Ничего подобного Ливадов не увидел, а ведь несколько раз слышал из уст конвоиров слово «Brazil». Они же о Бразилии говорили? Название южноамериканской страны отчетливо угадывалась в их разговоре, даже если не понимаешь языка, на котором те общались; как, например, не понимал Андрей. Но упоминали же Бразилию солдаты и их офицер!
У каждого из них на правом плече имелась нашивка в виде трех букв «USA» и звездно-полосатого флага. Поверх камуфлированных под саванну комков надеты разгрузки, вооружены бойцы штурмовыми винтовками. На глазах очки с оранжевыми стеклами, наверное, пластиковыми; у всех кепки. Высокие берцы в тон камуфлированной форме.
Восемь пехотинцев и офицер конвоировали почти четыре десятка пленников – работяг в полосатых робах, в числе которых был и Андрей, а также пятерых бывших бойцов в черных комках с нашивкой в виде белого щита с черным крестом. Рабы и их надзиратели из разгромленного этой ночью городка подле нефтеперерабатывающего завода. Ливадов называл вояк в черной форме «тевтонцами».

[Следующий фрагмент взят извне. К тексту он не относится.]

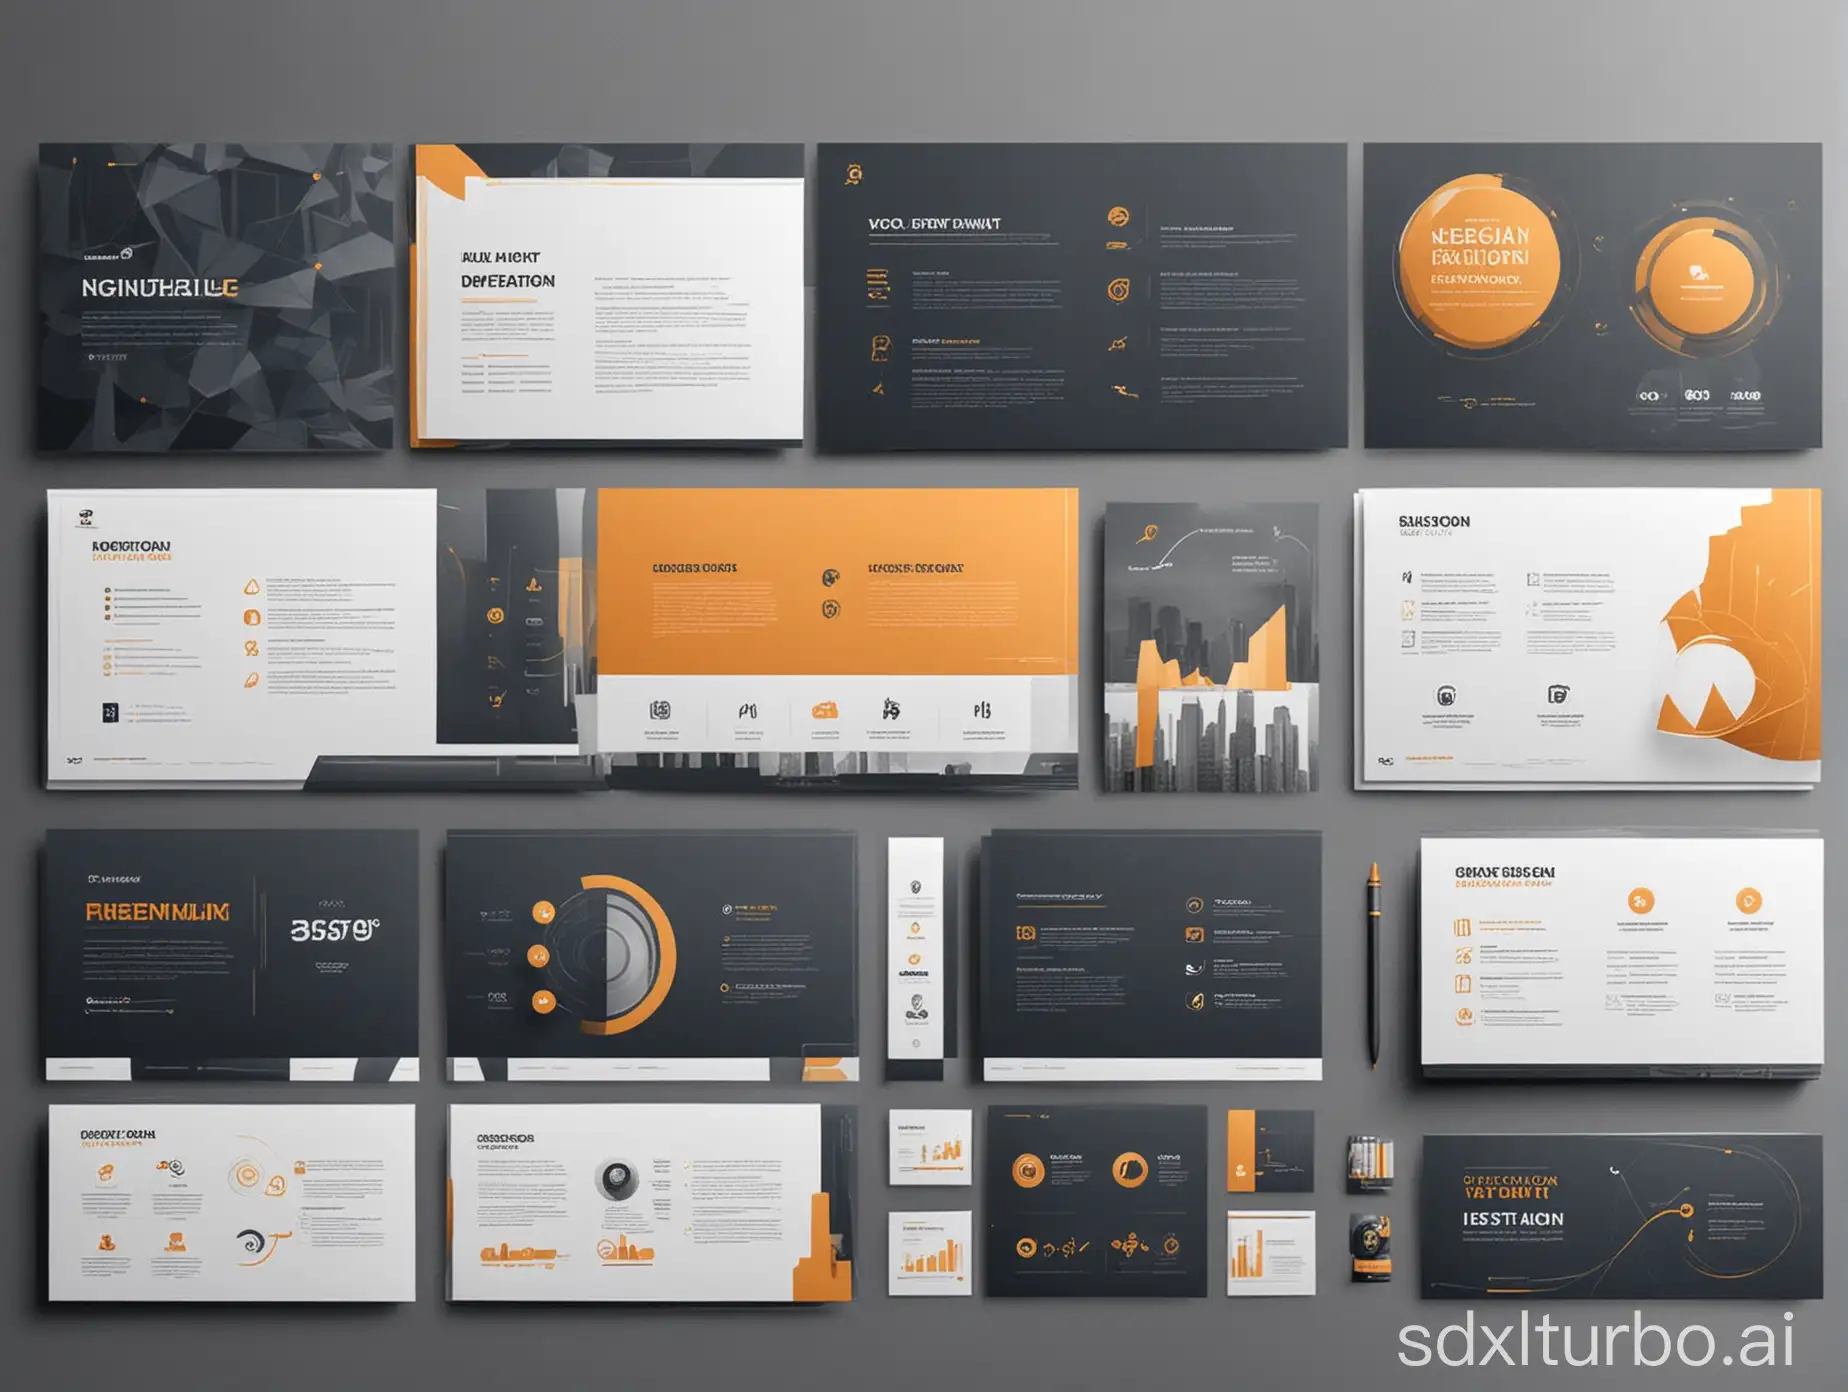 Modern-Business-Presentation-with-Professional-Design-Elements

Во время атаки на городок Андрей смог завладеть оружием и попытался выскользнуть за периметр боя, однако снова оказался в плену. Городок атаковали наемники из военной компании «Белая голова» – Ливадов хорошо запомнил их эмблему. Они охраняли вокзал в мертвом Ярославле, а потом сопровождали поезд, что увез из города Андрея и его тогдашнего хозяина Рамиреса.
На поезд напали. Под составом подорвался фугас, вагоны сошли с рельсов, начался бой, но сопротивление бойцов «Белой головы» быстро и умело подавили. Нападавшие разделили выживших пассажиров на две части – свободных граждан расстреляли, чтобы не оставлять свидетелей, а их рабов перевезли в городок при нефтеперерабатывающем комплексе, где на всех натянули черно-белые полосатые робы. На третий день в прекрасном новом мире судьба избавила Андрея от прежнего хозяина и его ошейника, чтобы сделать собственностью безликой и бездушной компании, чьи бойцы охраняли поселок, завод, а также уничтожили поезд.
Три дня… А как будто минула целая жизнь! Ну или половина жизни. Какими же долгими оказались эти три дня…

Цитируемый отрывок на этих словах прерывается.